→ **Exercise aim**
Your answer should be the full data, transcribed exactly, with no pictures in it.

→ **Data section**
·····
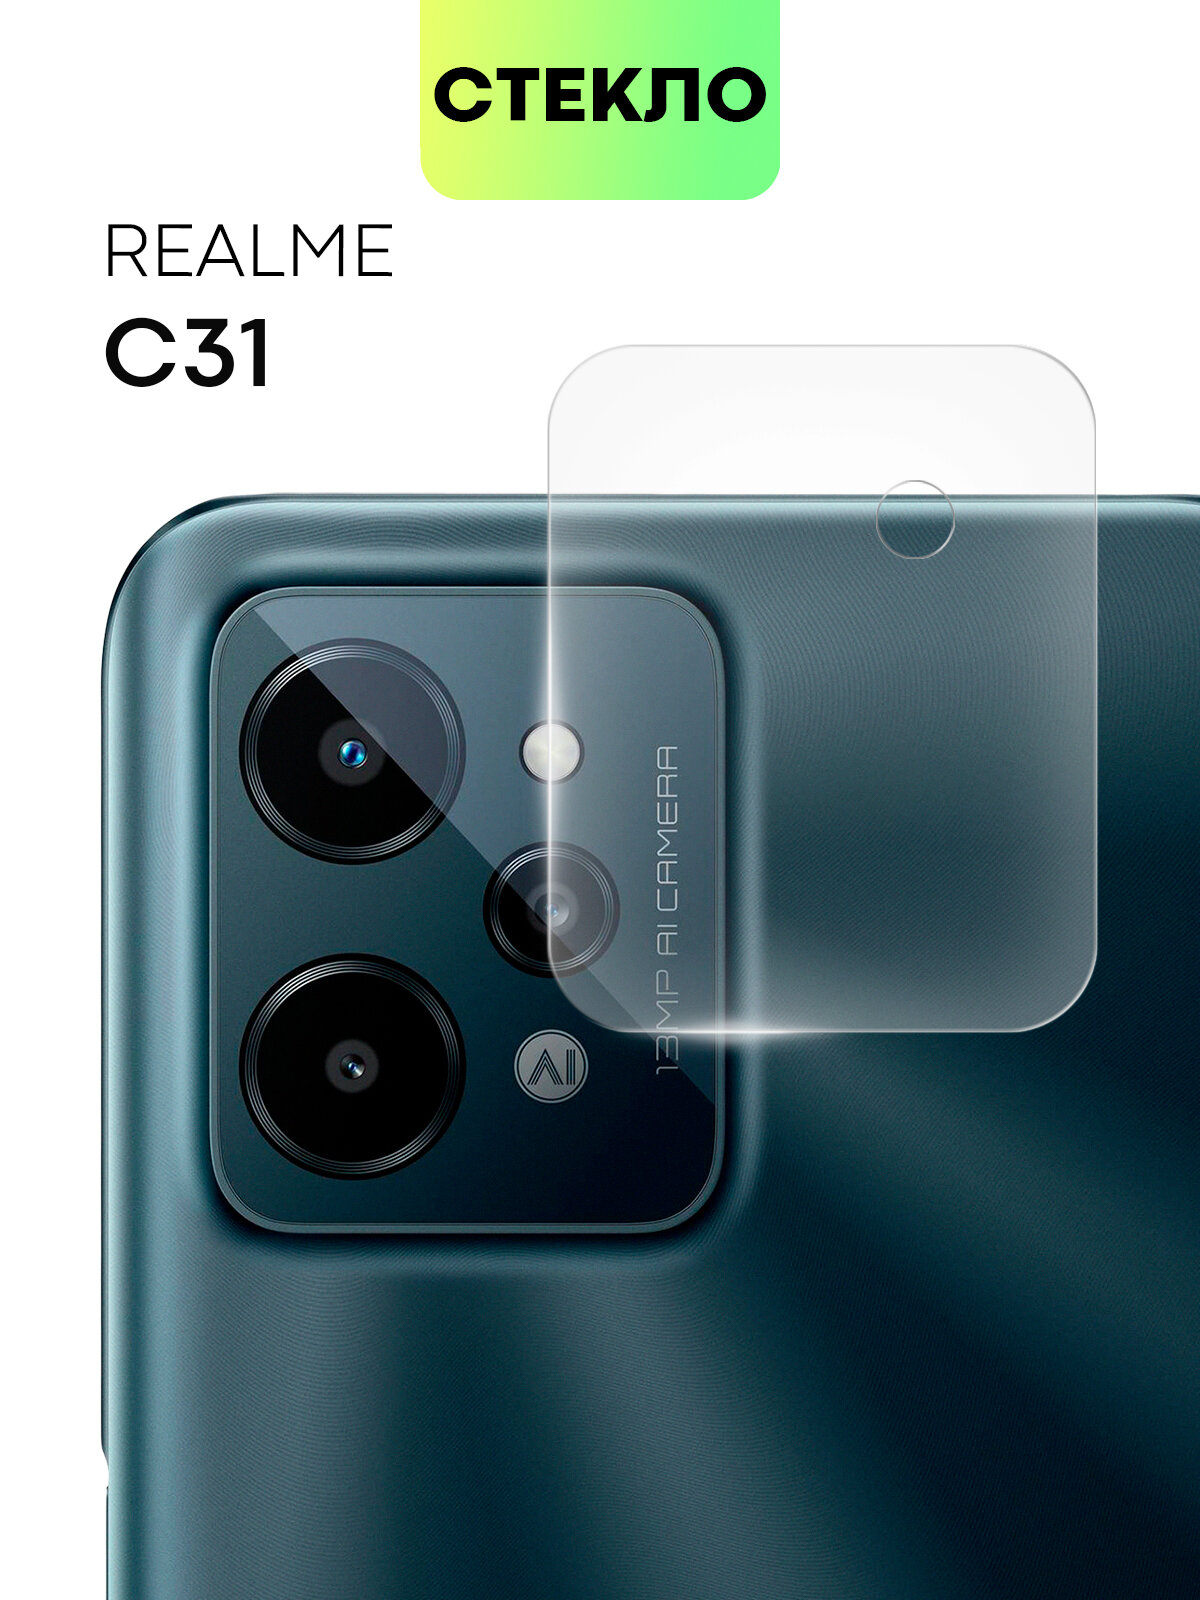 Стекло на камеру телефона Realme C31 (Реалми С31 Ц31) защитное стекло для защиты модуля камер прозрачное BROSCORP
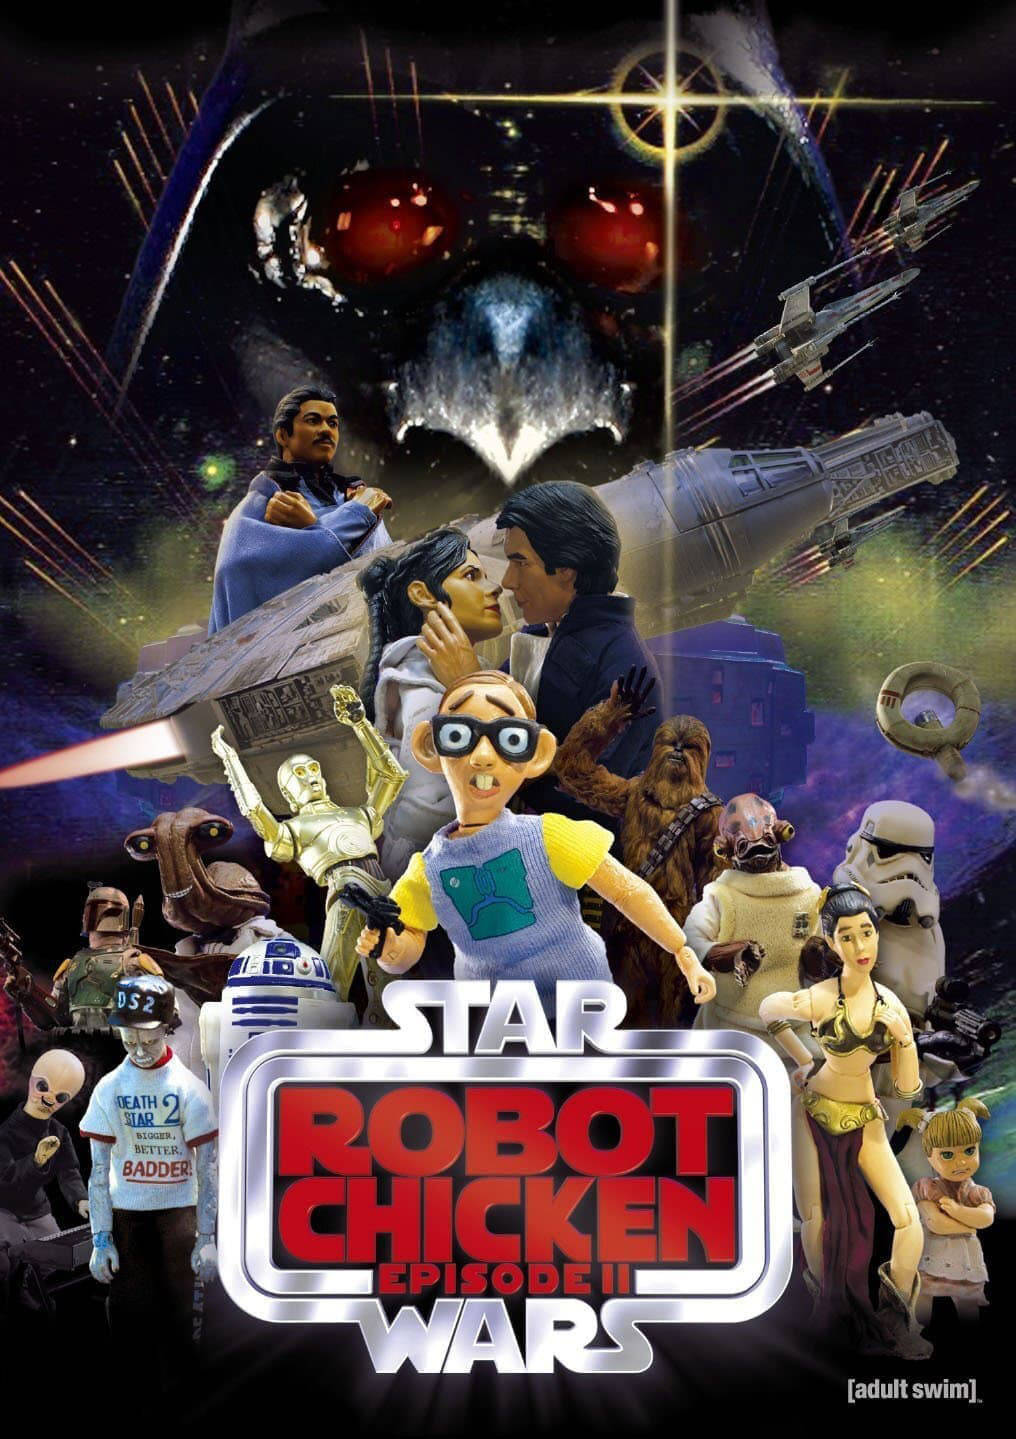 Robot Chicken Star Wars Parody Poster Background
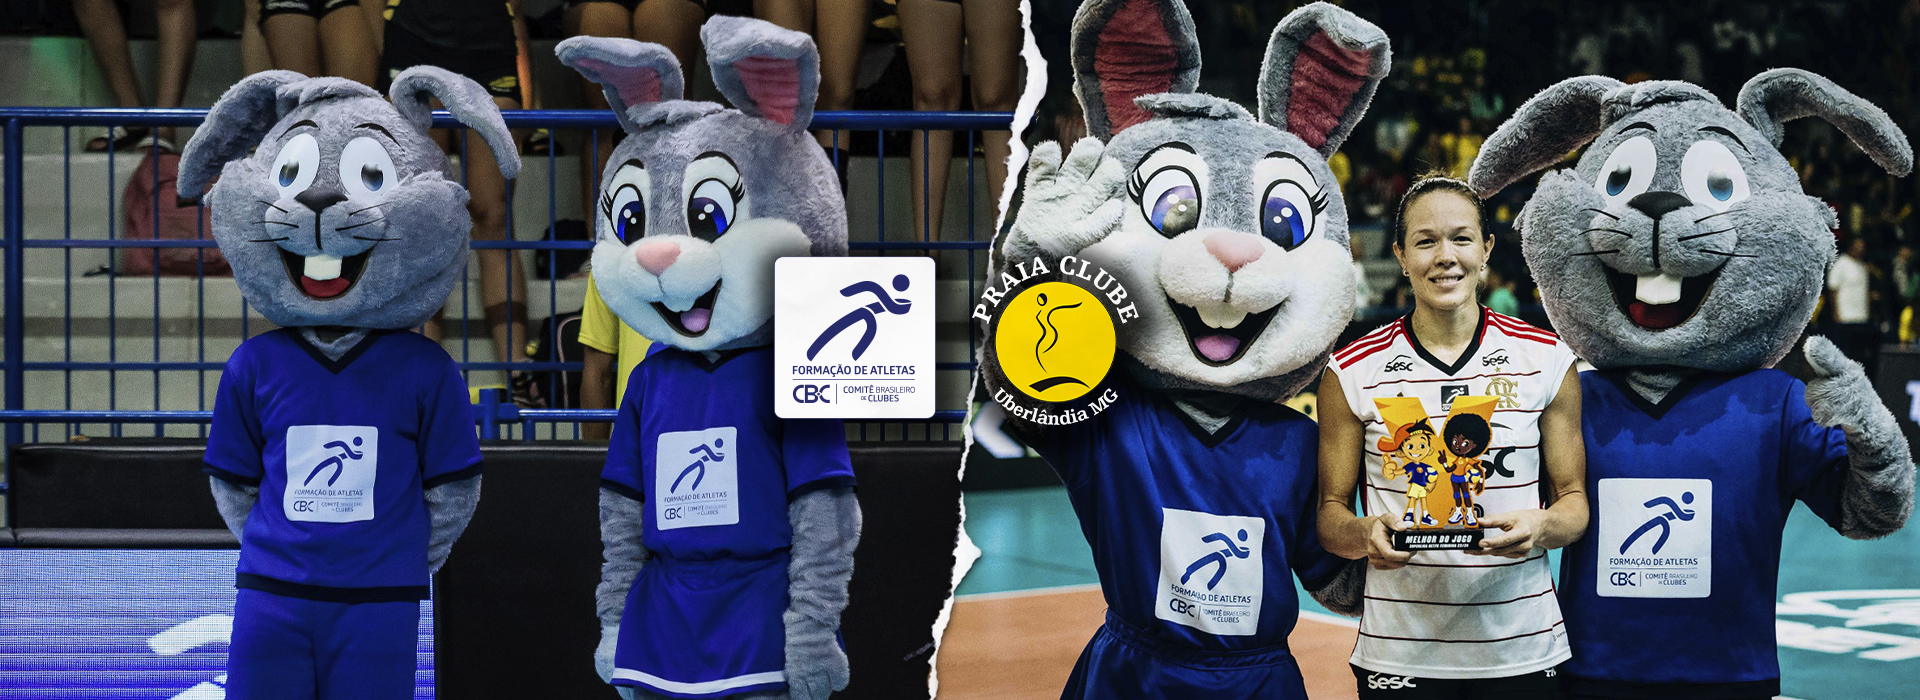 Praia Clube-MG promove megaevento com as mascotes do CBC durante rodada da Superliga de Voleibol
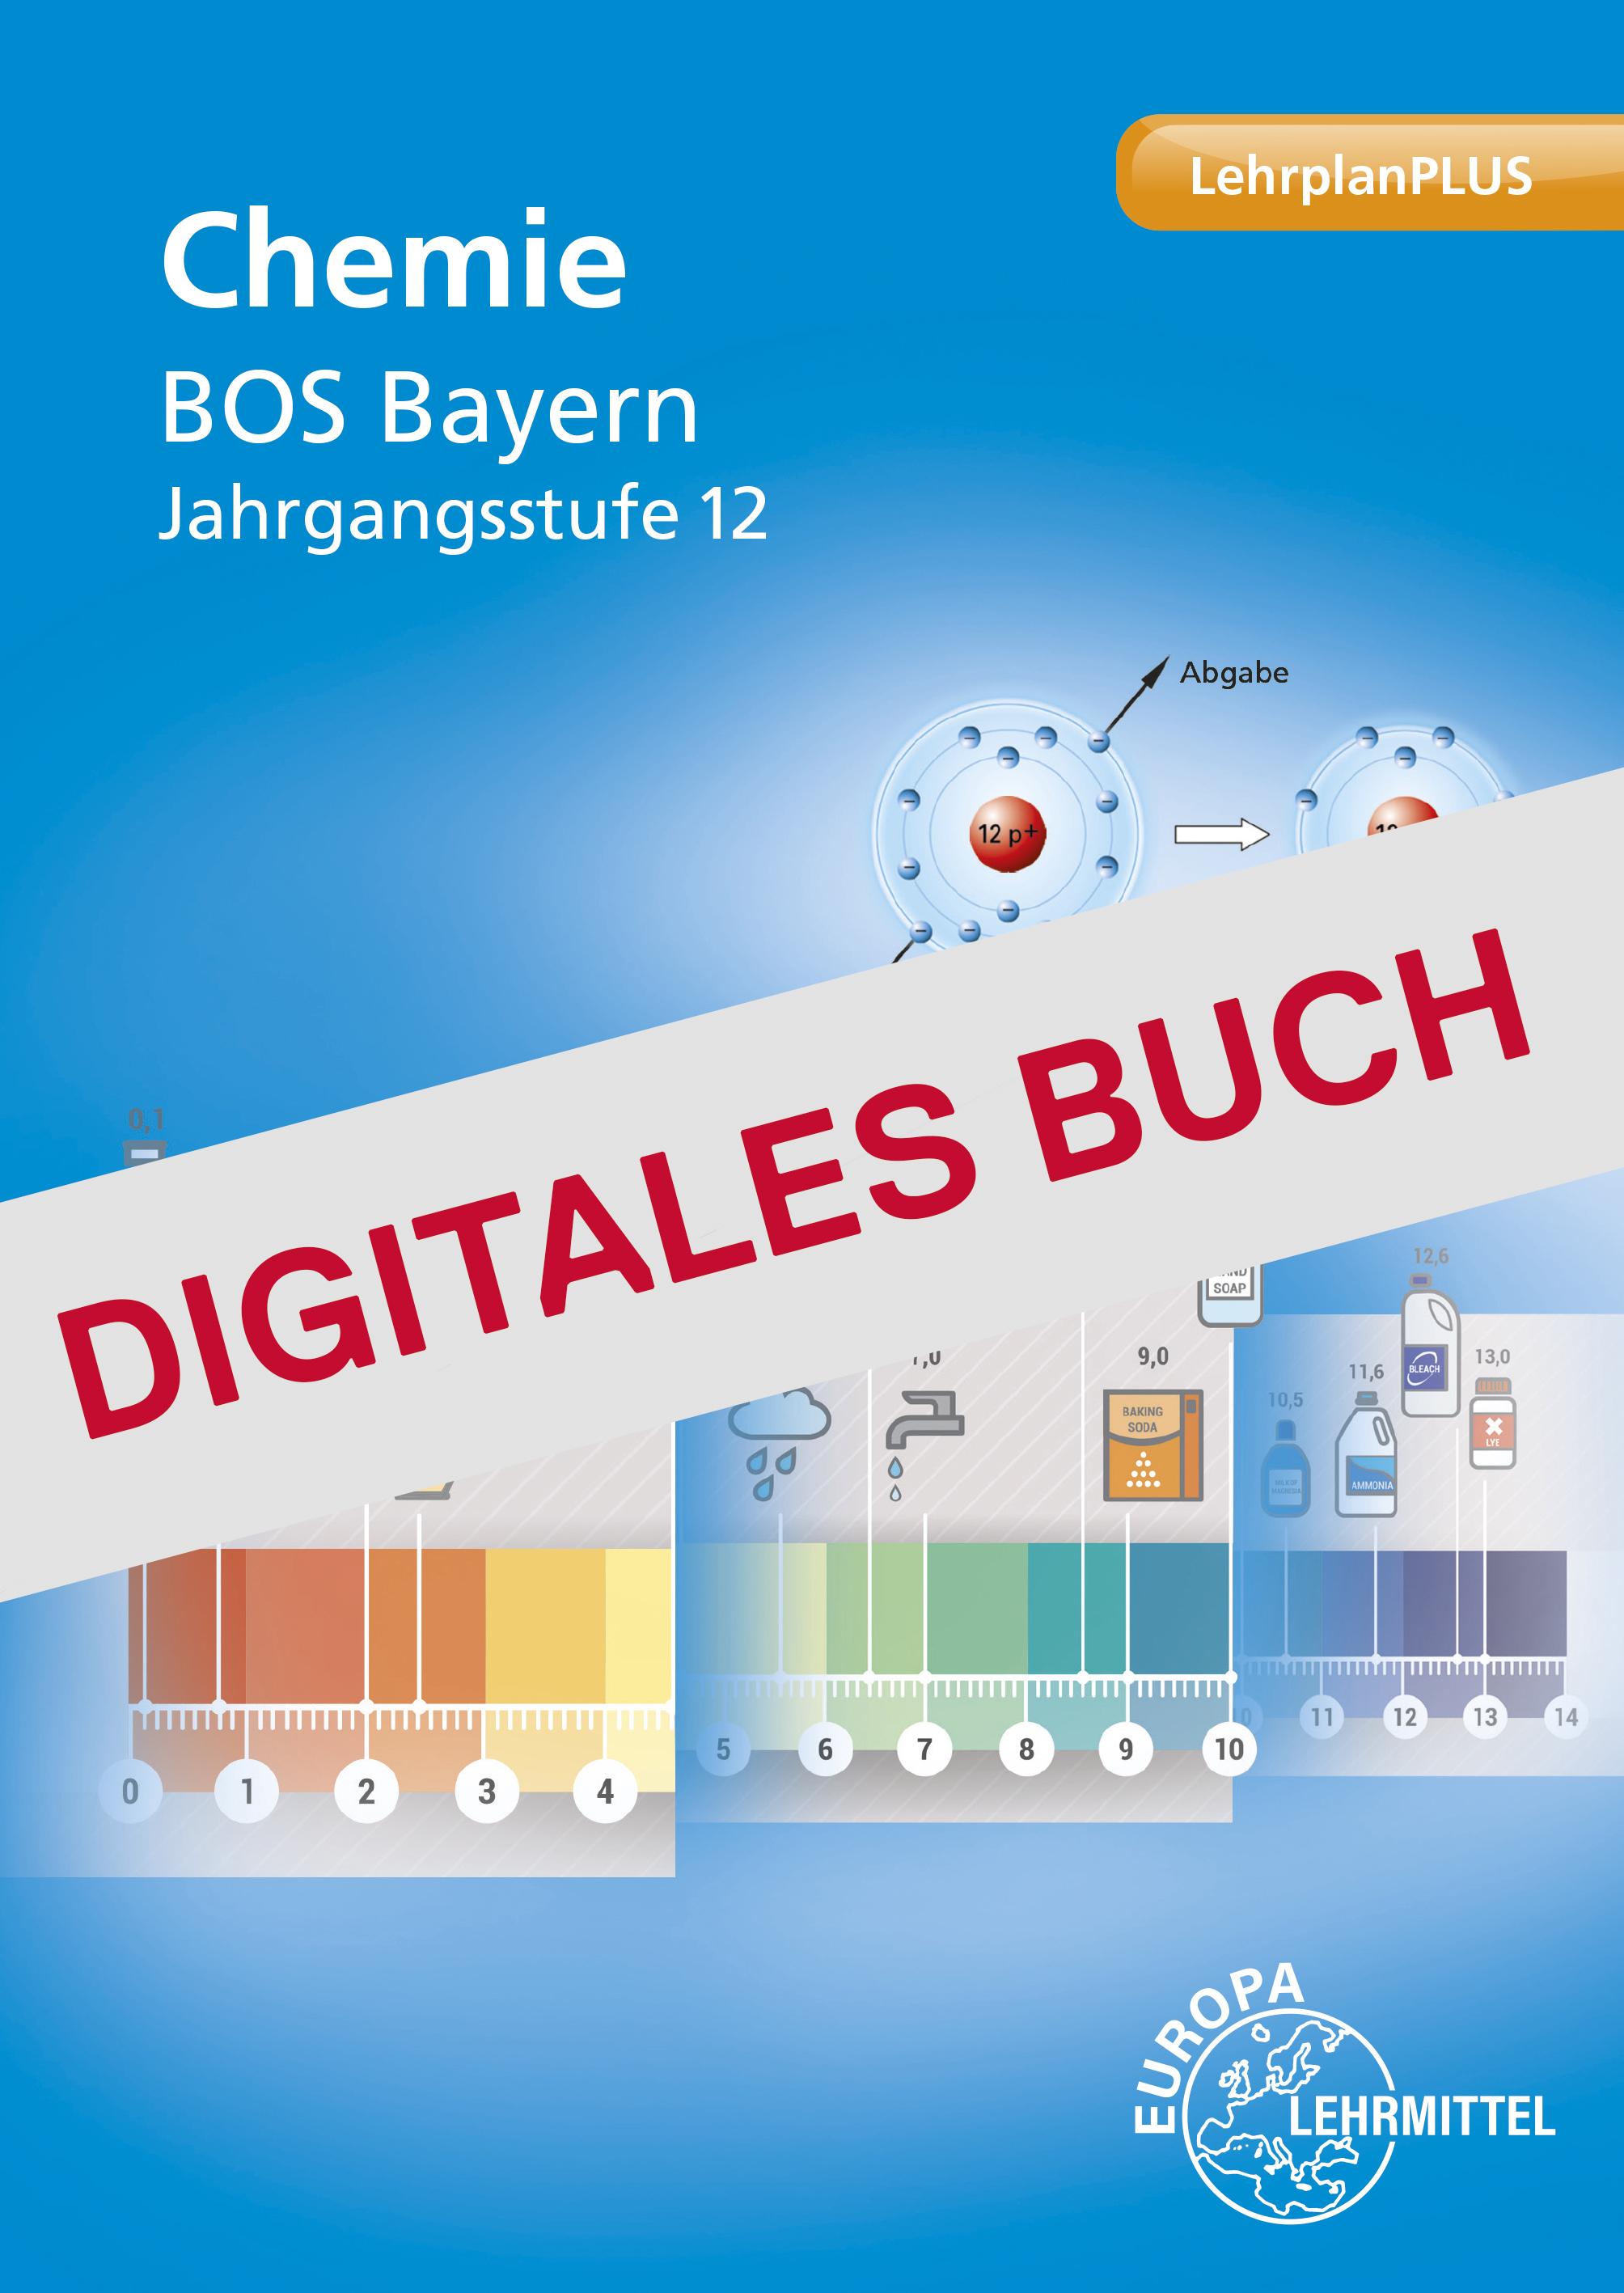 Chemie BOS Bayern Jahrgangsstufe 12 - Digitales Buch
·····
→ **Answer box**
 Стекло на камеру телефона Realme C31 (Реалми С31 Ц31) защитное стекло для защиты модуля камер прозрачное BROSCORP
 Robot Chicken Star Wars Parody Poster Background
 Praia Clube-MG promove megaevento com as mascotes do CBC durante rodada da Superliga de Voleibol
 Chemie BOS Bayern Jahrgangsstufe 12 - Digitales Buch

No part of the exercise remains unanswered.